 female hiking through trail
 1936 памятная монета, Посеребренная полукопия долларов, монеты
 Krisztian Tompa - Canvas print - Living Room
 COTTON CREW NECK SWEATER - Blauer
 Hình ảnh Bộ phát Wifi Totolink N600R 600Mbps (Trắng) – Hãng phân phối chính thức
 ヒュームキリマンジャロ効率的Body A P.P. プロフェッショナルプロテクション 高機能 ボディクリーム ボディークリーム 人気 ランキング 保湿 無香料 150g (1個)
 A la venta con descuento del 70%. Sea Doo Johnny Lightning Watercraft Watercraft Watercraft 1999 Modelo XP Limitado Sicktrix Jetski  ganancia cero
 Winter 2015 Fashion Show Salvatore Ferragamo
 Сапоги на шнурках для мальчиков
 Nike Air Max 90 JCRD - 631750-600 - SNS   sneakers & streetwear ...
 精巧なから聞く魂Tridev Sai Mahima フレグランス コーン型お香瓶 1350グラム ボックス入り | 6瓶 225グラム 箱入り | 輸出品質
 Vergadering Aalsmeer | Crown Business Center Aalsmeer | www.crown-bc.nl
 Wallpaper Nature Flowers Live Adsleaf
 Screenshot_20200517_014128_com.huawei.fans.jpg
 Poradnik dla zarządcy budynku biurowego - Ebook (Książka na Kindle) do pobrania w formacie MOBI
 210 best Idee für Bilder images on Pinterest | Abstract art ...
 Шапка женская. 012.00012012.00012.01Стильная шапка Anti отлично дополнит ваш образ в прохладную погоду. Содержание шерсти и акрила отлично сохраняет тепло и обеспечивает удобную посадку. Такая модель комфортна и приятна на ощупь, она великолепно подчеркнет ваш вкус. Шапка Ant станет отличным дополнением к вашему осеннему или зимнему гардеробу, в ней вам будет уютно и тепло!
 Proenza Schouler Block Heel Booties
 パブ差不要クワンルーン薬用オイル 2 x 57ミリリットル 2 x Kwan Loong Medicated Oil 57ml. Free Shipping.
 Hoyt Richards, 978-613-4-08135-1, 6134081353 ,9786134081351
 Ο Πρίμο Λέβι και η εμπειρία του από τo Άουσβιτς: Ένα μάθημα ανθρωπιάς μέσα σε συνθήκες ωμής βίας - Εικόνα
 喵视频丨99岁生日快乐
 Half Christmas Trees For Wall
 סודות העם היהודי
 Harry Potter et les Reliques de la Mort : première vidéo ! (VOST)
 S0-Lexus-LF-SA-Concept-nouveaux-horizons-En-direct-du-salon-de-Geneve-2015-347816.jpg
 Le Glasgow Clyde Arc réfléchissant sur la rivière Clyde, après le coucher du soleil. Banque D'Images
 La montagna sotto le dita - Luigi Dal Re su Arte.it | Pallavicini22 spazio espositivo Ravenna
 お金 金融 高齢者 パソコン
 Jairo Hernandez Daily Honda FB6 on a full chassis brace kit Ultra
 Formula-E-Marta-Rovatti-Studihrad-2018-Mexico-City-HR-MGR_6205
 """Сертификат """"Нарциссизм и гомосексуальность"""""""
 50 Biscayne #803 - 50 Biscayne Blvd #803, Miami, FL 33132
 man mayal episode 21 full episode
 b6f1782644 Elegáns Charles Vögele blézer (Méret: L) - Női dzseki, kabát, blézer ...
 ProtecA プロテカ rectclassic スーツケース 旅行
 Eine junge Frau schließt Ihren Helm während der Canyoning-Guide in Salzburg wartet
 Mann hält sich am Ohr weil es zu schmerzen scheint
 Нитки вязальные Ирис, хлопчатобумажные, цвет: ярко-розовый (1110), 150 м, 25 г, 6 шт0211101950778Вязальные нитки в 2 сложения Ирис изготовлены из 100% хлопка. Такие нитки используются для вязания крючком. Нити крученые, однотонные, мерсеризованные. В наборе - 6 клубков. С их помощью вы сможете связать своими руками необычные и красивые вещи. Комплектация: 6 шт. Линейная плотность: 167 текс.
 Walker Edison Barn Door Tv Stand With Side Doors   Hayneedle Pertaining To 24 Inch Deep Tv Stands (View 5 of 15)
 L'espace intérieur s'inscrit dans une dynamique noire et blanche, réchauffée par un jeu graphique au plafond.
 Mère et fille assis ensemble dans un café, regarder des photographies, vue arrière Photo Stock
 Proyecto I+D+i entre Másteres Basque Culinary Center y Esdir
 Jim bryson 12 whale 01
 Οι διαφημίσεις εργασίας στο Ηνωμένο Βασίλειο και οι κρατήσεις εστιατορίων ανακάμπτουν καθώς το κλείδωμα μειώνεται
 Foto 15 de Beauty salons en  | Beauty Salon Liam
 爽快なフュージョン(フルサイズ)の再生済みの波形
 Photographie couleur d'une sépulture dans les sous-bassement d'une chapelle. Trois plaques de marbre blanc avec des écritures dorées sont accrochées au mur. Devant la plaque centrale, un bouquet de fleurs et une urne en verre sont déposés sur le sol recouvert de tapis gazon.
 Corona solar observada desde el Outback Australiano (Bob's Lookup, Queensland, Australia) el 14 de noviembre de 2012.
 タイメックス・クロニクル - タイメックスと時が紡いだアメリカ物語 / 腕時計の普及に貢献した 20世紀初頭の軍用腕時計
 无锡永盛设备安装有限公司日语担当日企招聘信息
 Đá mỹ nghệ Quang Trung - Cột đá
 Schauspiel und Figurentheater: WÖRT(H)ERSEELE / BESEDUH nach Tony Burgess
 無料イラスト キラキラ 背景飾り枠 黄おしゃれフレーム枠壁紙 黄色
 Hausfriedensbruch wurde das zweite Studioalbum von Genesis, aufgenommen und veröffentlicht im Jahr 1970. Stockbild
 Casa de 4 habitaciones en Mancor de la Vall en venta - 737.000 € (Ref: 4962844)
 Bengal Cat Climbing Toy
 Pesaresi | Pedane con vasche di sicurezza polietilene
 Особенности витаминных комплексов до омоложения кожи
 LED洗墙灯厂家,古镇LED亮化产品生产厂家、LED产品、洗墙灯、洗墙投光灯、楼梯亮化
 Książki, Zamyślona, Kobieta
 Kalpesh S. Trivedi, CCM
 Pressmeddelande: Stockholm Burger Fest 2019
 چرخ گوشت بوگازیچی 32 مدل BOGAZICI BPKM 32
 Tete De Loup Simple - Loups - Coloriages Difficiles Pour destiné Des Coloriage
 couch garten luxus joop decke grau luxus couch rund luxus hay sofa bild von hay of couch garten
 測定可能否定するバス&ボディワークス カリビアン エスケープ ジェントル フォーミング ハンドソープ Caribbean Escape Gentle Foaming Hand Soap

• WHAT TO PRODUCE: Give the exact lines, and only those, from the line containing "Corona solar observada" through the line containing "Hausfriedensbruch wurde das" in the entries above.

• SOLUTION:
 Corona solar observada desde el Outback Australiano (Bob's Lookup, Queensland, Australia) el 14 de noviembre de 2012.
 タイメックス・クロニクル - タイメックスと時が紡いだアメリカ物語 / 腕時計の普及に貢献した 20世紀初頭の軍用腕時計
 无锡永盛设备安装有限公司日语担当日企招聘信息
 Đá mỹ nghệ Quang Trung - Cột đá
 Schauspiel und Figurentheater: WÖRT(H)ERSEELE / BESEDUH nach Tony Burgess
 無料イラスト キラキラ 背景飾り枠 黄おしゃれフレーム枠壁紙 黄色
 Hausfriedensbruch wurde das zweite Studioalbum von Genesis, aufgenommen und veröffentlicht im Jahr 1970. Stockbild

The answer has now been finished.